6.5 Research data traceability information

Research data stored and shared using open RDRs need to be traceable and should be accompanied by storage details. For the research data to be traceable, they should provide information about “when” the research data was created, submitted and published. The findings from this study seem to suggest that the respondents did not pay enough attention to this issue. Traceability information as presented by Assante et al. (2016) including creation, submission and publication dates of the research data, as well as a unique or persistent identifier (such as a URL or PID) was not prevalent in the research data of the respondents. Assante et al. (2016) and Austin et al. (2015), concluded that research data needs to be accompanied by Digital Object Identifier (DOI) standards for persistent identification and traceability.
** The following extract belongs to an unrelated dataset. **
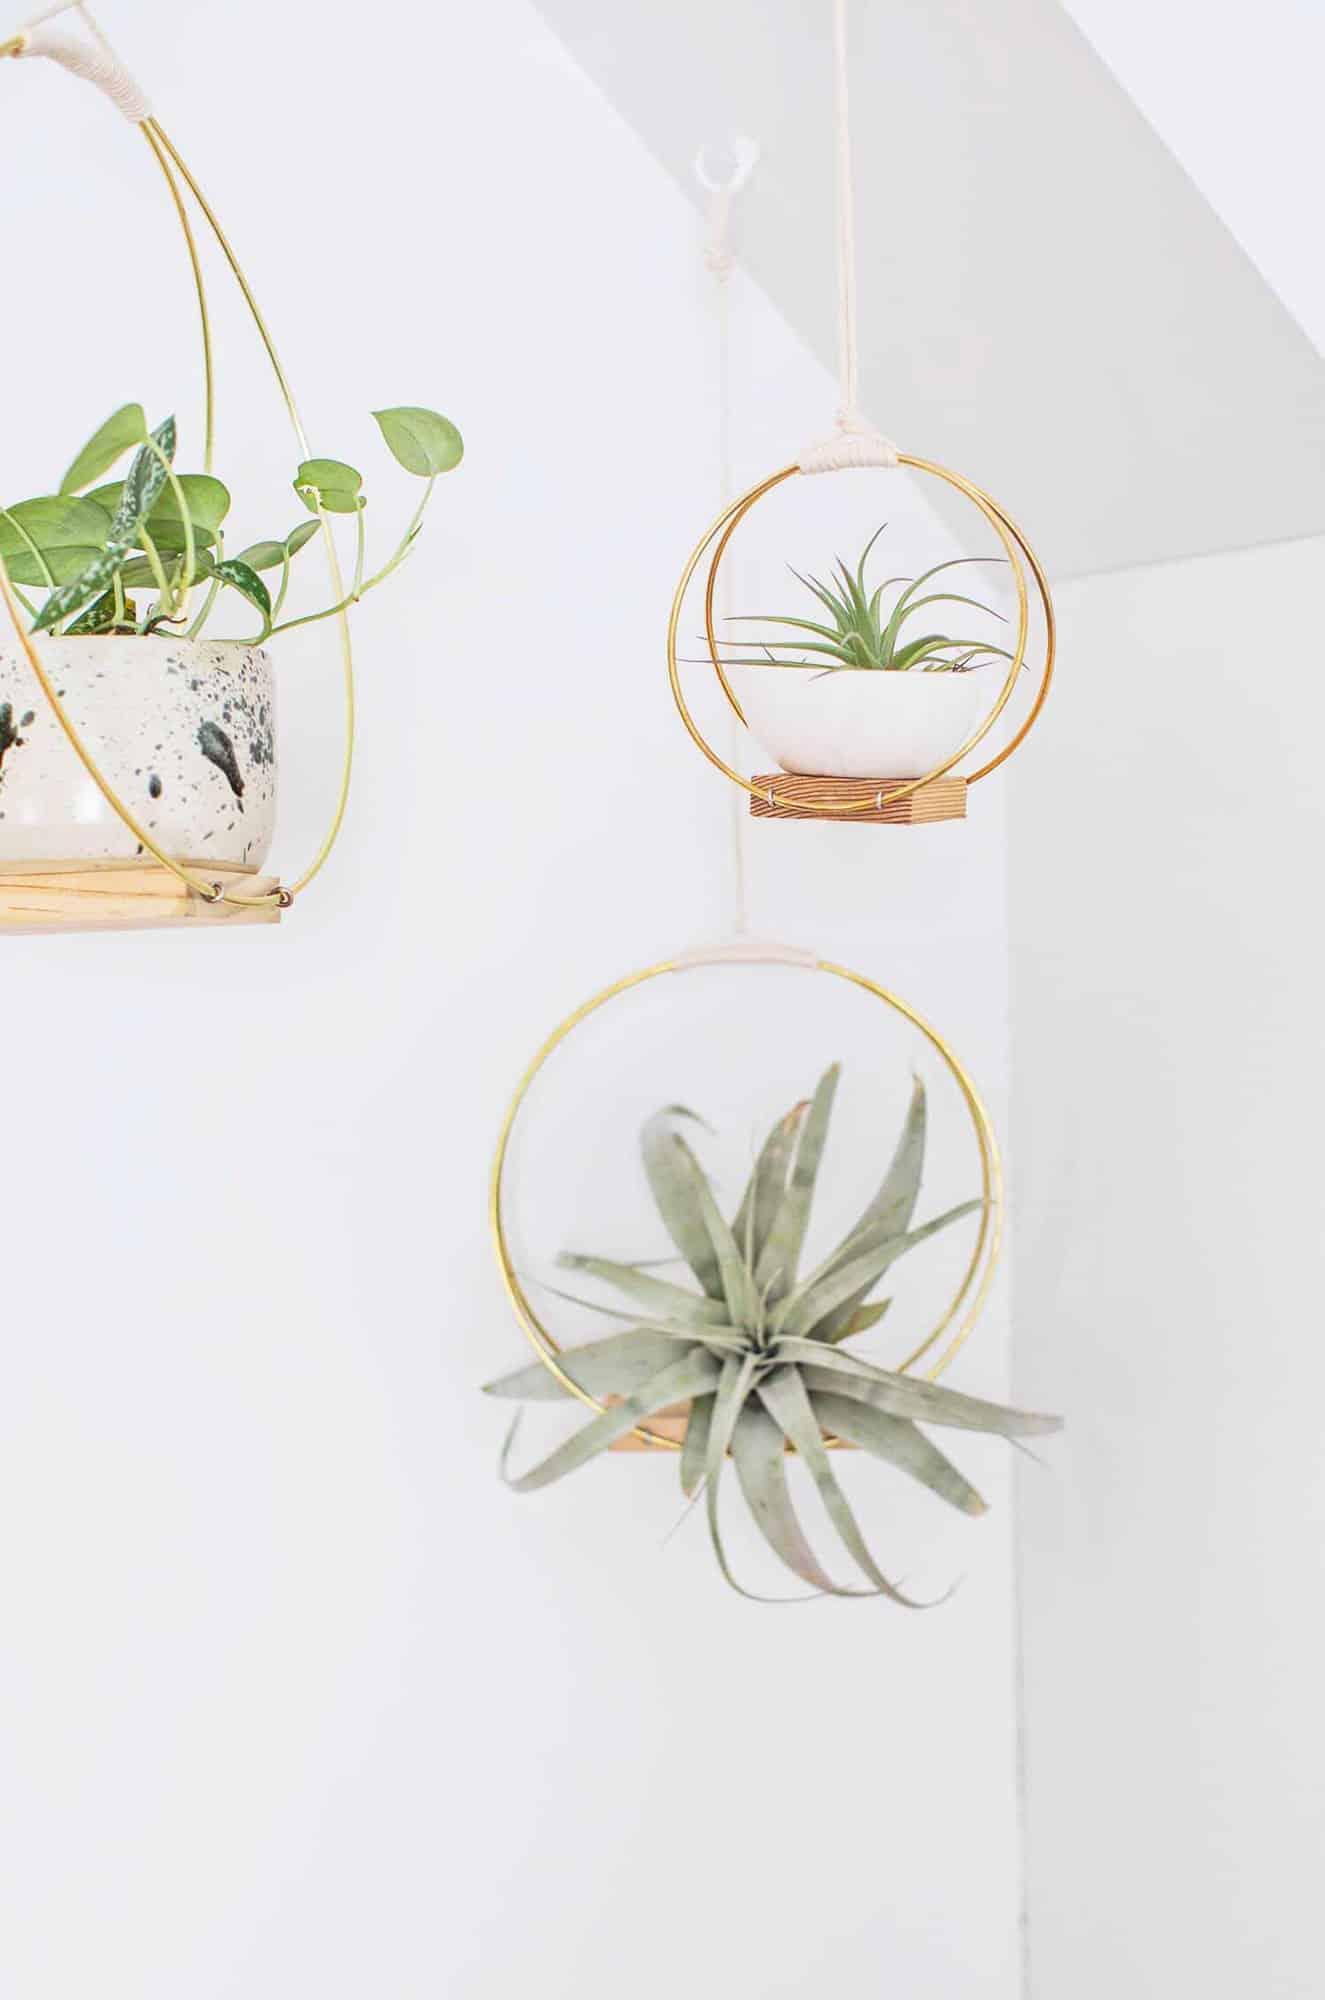 DIY brass ring planter

6.6 Benefits of storing and sharing research data in open RDRs

Respondents mentioned various benefits of storing and sharing research data whereas majority mentioned to increase research outputs and to reduce research data wastes. Studies by Jeng and He (2022), Piwowar et al. (2007) and Ross and Krumholz (2013) presented various benefits of open RDRs including to improve academic citation, visibility, scholarly influence and future chances. Other benefits include increasing the visibility of research data for citation and reuse by other researchers, reinforcing scientific inquiry by ensuring that enthusiasts and sceptics can test, validate and replicate research results, promoting new research and different ways of testing and analysing research data, saving financial and other resources that are wasted when similar data sets are created by different researchers and enabling new discoveries from old research data sets (Engineering and Physical Sciences Research Council (EPSRC), 2018). Increased datafication of research procedures and infrastructure, encouragement for researchers to publish raw data, data sets and metadata and increased visibility of HLIs were further benefits that were indicated in line with what is reported in the literature (Kidwell et al., 2016; Nosek et al., 2015; Roche et al., 2014).
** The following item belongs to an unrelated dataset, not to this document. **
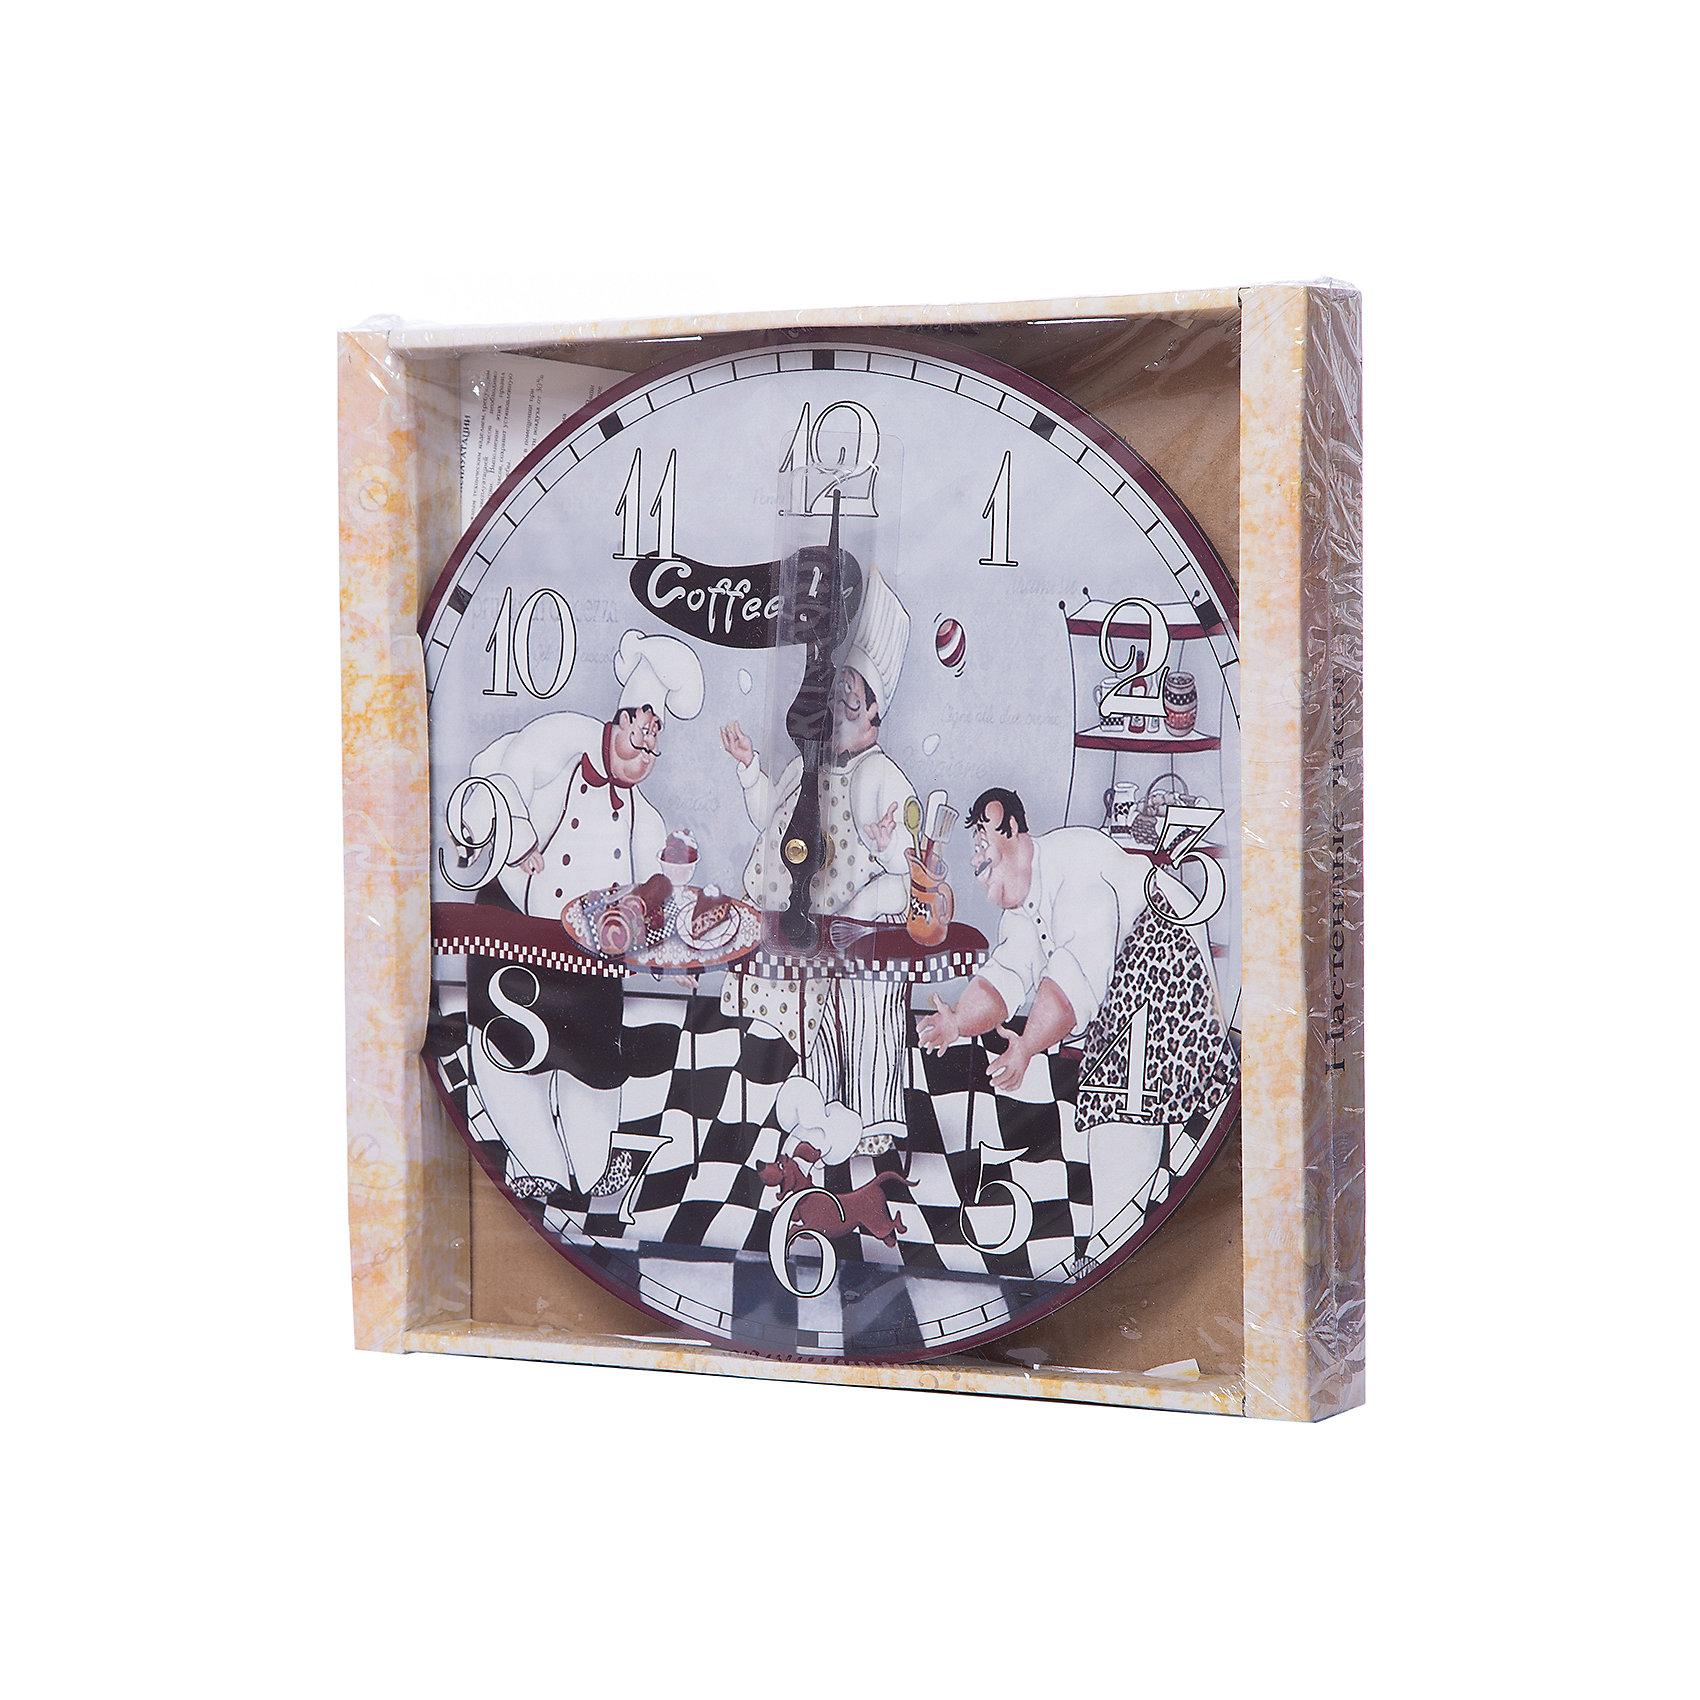 Часы настенные Время пить кофе, диаметр 34 смПредметы интерьера<br>Часы настенные Время пить кофе, диаметр 34 см.<br><br>Характеристики:<br><br>- Диаметр: 34 см.<br>- Две стрелки часовая и минутная<br>- Батарейка: 1 типа АА (в комплект не входит)<br>- Упаковка картонная коробка<br><br>Кварцевые настенные часы с механизмом плавного хода помимо своего прямого назначения – показывать точное время – станут важным элементом декора Вашего дома или квартиры. Открытый циферблат часов выполнен из листа оргалита с декоративным покрытием, оформлен изображением забавной жанровой сценки. Часовая и минутная стрелки металлические. Часовой механизм закрыт пластиковым корпусом. Часы будут ярким акцентом в интерьере и создадут дополнительный уют и хорошее настроение.<br><br>Часы настенные Время пить кофе, диаметр 34 см можно купить в нашем интернет-магазине.<br><br>Ширина мм: 345<br>Глубина мм: 340<br>Высота мм: 45<br>Вес г: 2500<br>Возраст от месяцев: 72<br>Возраст до месяцев: 144<br>Пол: Унисекс<br>Возраст: Детский<br>SKU: 5089819

6.7 Challenges that hinder the storage and sharing of research data in open RDRs

The findings revealed a lack of research data storage and sharing policies and guidelines posed a lot of difficulties for researchers. A lack of strategic planning for the long-term preservation of research data was also noted by Jeng and He (2022). Moreover, Austin et al. (2015), identified inadequate platform support for file-level metadata descriptions for research data or files and high expenses related to data storage, dissemination, curation, or preservation as some of the difficulties encountered in open RDRs. According to Goben and Sandusky (2020), research data loss is the most frequent threat, followed by improper data handling, loss of data privacy and security, problems with reproducibility and loss of trust from research participants and the public. The existence of policies and guidelines can play a great role in reducing some of the identified difficulties.

7. Areas for further studies

  1. The use of structured questions limits participants to provide more information and ideas concerning the use of open RDRs for storing and sharing research data. Further studies should include unstructured questions and will engage more respondents from different universities.

  2. Examine the factors associated with the application of open RDRs in HLIs in Tanzania and Sub-Saharan African (SSA).

  3. Engage library members especially students, staff and researchers to assess not only the usage but also the implementation strategies for more open RDRs.

  4. Examine the factors that affect the application of open RDRs for storing and sharing research data HLIs in Tanzania and Africa.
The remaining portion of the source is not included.